Star Rating 3.5/5
Another superhero movie? Haven’t we seen it all before? In fairness, one probably has seen a great deal of what Thor has to offer; especially if one is interested in this genre. Nevertheless, despite being a predominantly male-orientated film, Thor is an enjoyable movie with some awesome special effects.
Thor is about (surprise, surprise) a young man called Thor (Chris Hemsworth – Star Trek, Red Dawn, The Avengers Assemble). He is a ferocious, unnaturally powerful warrior and heir to the throne of Asgard. Yet, Thor is arrogant and cruel. After disobeying his father, King Odin (Anthony Hopkins – Hannibal series, Mission Impossible II, Fracture), he is stripped of his powers and his hammer (the source of his powers); and banished from Asgard.
He wakes up to find himself in the desert of New Mexico, America, to be surrounded by a scientist called Jane (Natalie Portman – Black Swan, Star Wars I–III, Lawless), plus her assistants Darcy (Kat Dennings – The 40 Year Old Virgin, The House Bunny, Lives of the Saints) and Erik (Stellan Skarsgard – Pirates of the Caribbean II & III, Angels and Demons, The Avengers Assemble). Thor is determined to do whatever it takes to regain his god-like powers and return to Asgard. Meanwhile in Asgard, in Thor’s absence, a traitor increases his influence over the ailing Odin and his court. This will set Asgard to war, again, against the frost-people of Jotenheim.

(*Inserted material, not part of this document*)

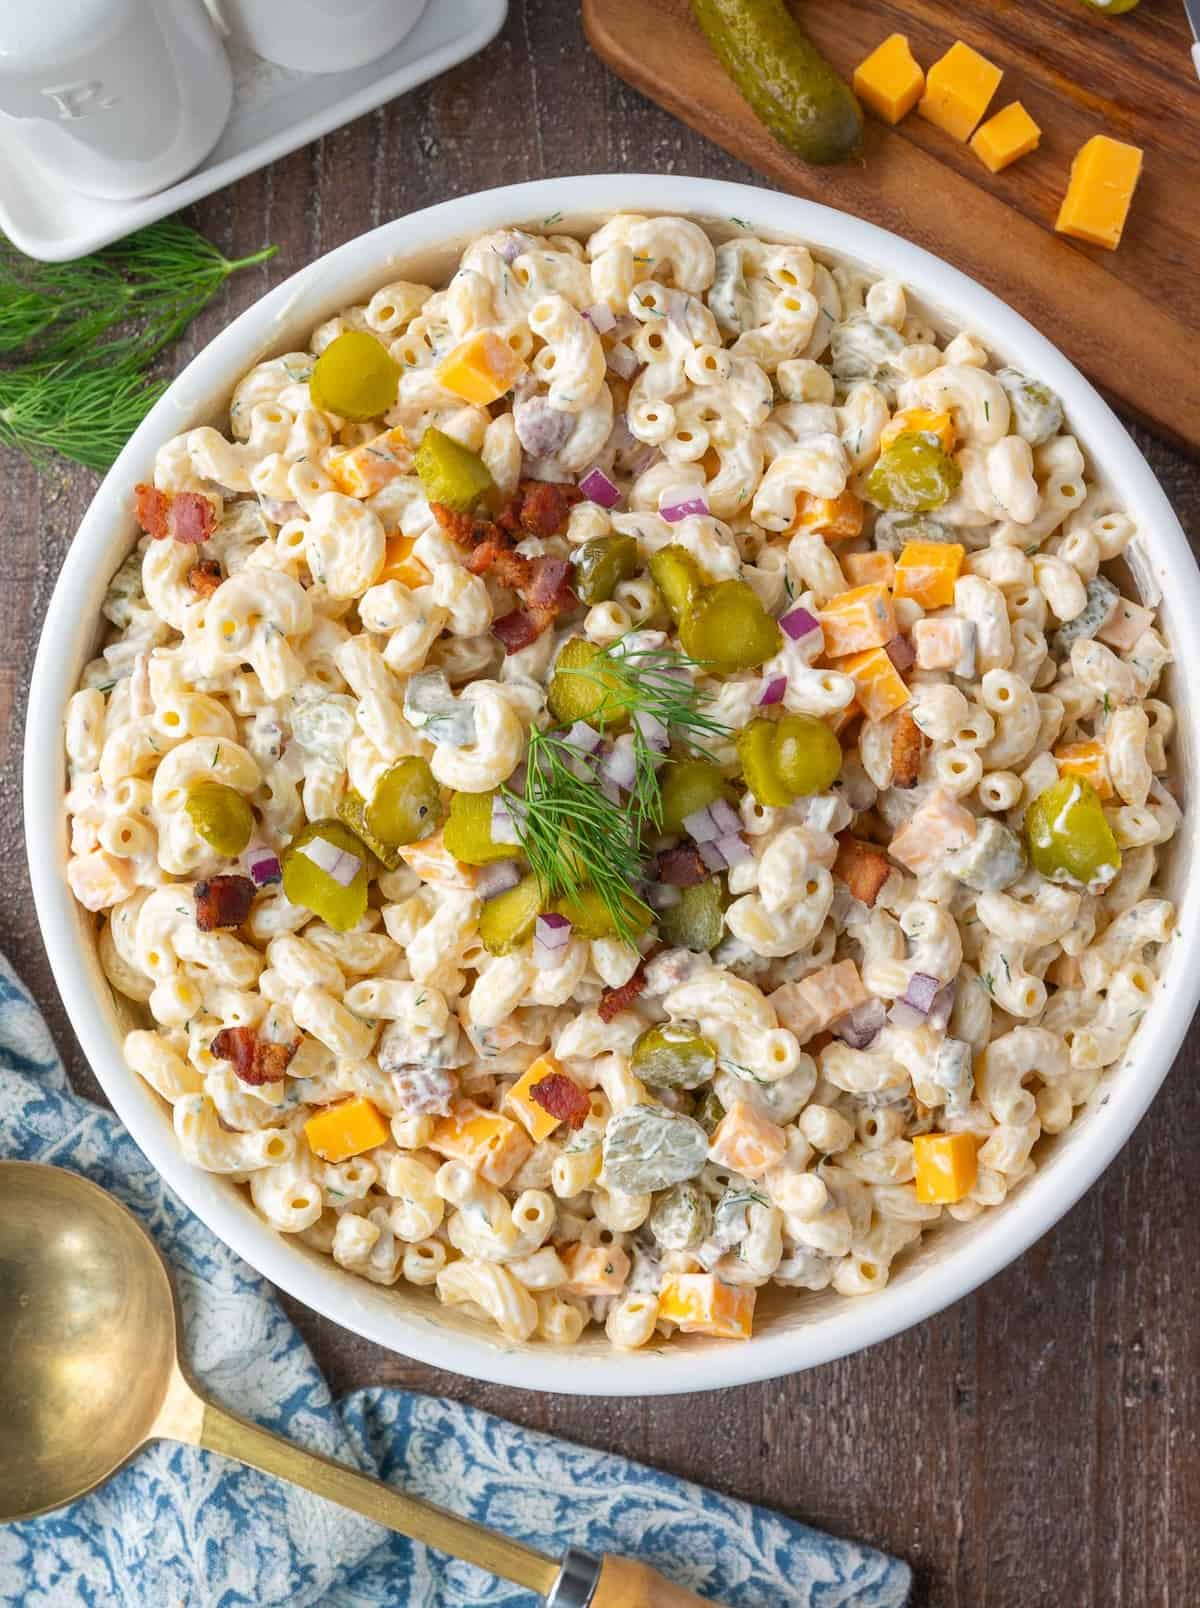 Dill pickle pasta salad in a white serving bowl.
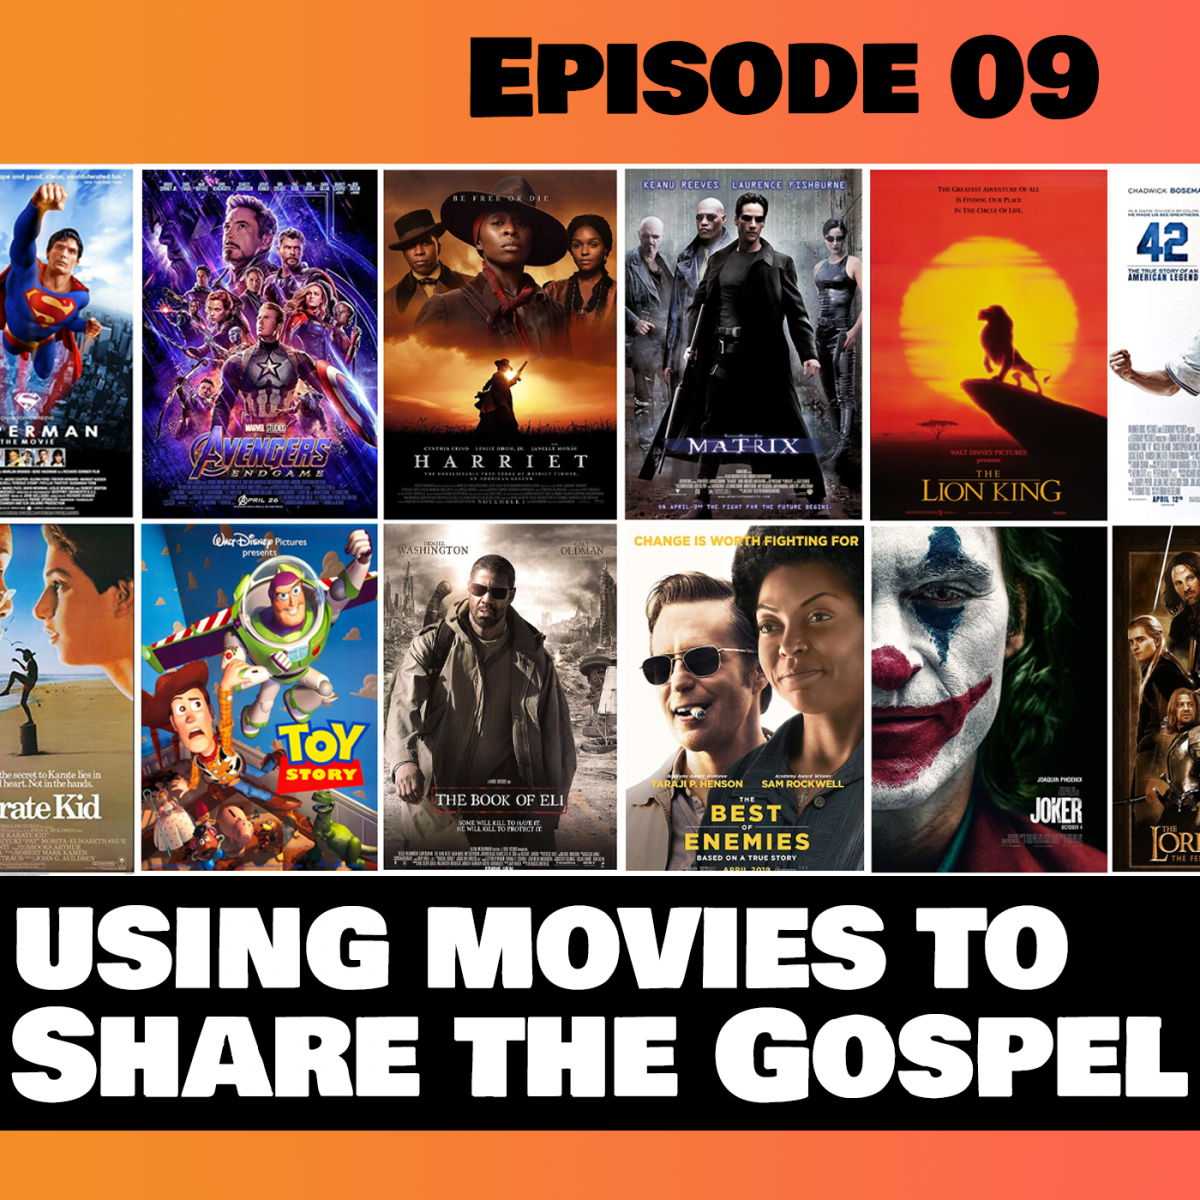 Using Movies to Share the Gospel

Despite being about fictional realms, the plot for Thor is easy to follow. The director, Kenneth Branagh (Henry V, Frankenstein, Valkyrie), has structured the film well so that each scene flows nicely after the other and the pace of the film is just right. As a result, Thor is a very entertaining movie. Undoubtedly, the action scenes in the film are the highlight as they are superb and will leave viewers wanting more.
The movie may lack the goriness of Watchmen (not to mention the political connotations of that film); yet, Thor makes up for it in special effects. Regardless of whether they are accompanying the action scenes or are merely backgrounds for the fictional sceneries of the different worlds, the special effects throughout are fantastic. In some ways, they are so good they almost rival those in Avatar. It is a shame that Asgard is explored less than Pandora because some of the sceneries in Thor have the same ‘wow’ factor; particularly during the credits at the end. The 3D assists and makes the effects a little more spell-binding; however, on the whole, Thor is another example of a 2D film that has been converted, post-production, into 3D.
Unlike the action scenes and the special effects, the acting in Thor is quite average. Chris Hemsworth performs adequately as the main character. But, as Thor, he is not given the depth of personality to make himself stand out in the same way as Christian Bale does as Batman. This results in him coming across as quite immature and superficial.
It is a shame that less attention is given to Thor’s younger brother, Loki (Tom Hiddleston – Conspiracy, Midnight In Paris, The Avengers Assemble), as it could have made for interesting viewing. But, alas, we are deprived of this. Instead, we have the standard ‘lesser’ brother who wants to emulate his older, more decorated sibling. The other characters, for better or worse, are not given much time on screen. Again, they all have little by way of depth and do not add much to the film. (Yes, even the gorgeous Natalie Portman.)
Ultimately, Thor may initially have the feel of ‘yet-another-superhero-movie.’ It may not have the violence of Watchmen or the deep characters of Christopher Nolan’s Batman trilogy, or the political nuances of those films. Nevertheless, Thor is a fun film with plenty of action and some awe-inspiring sci-fi-style special effects.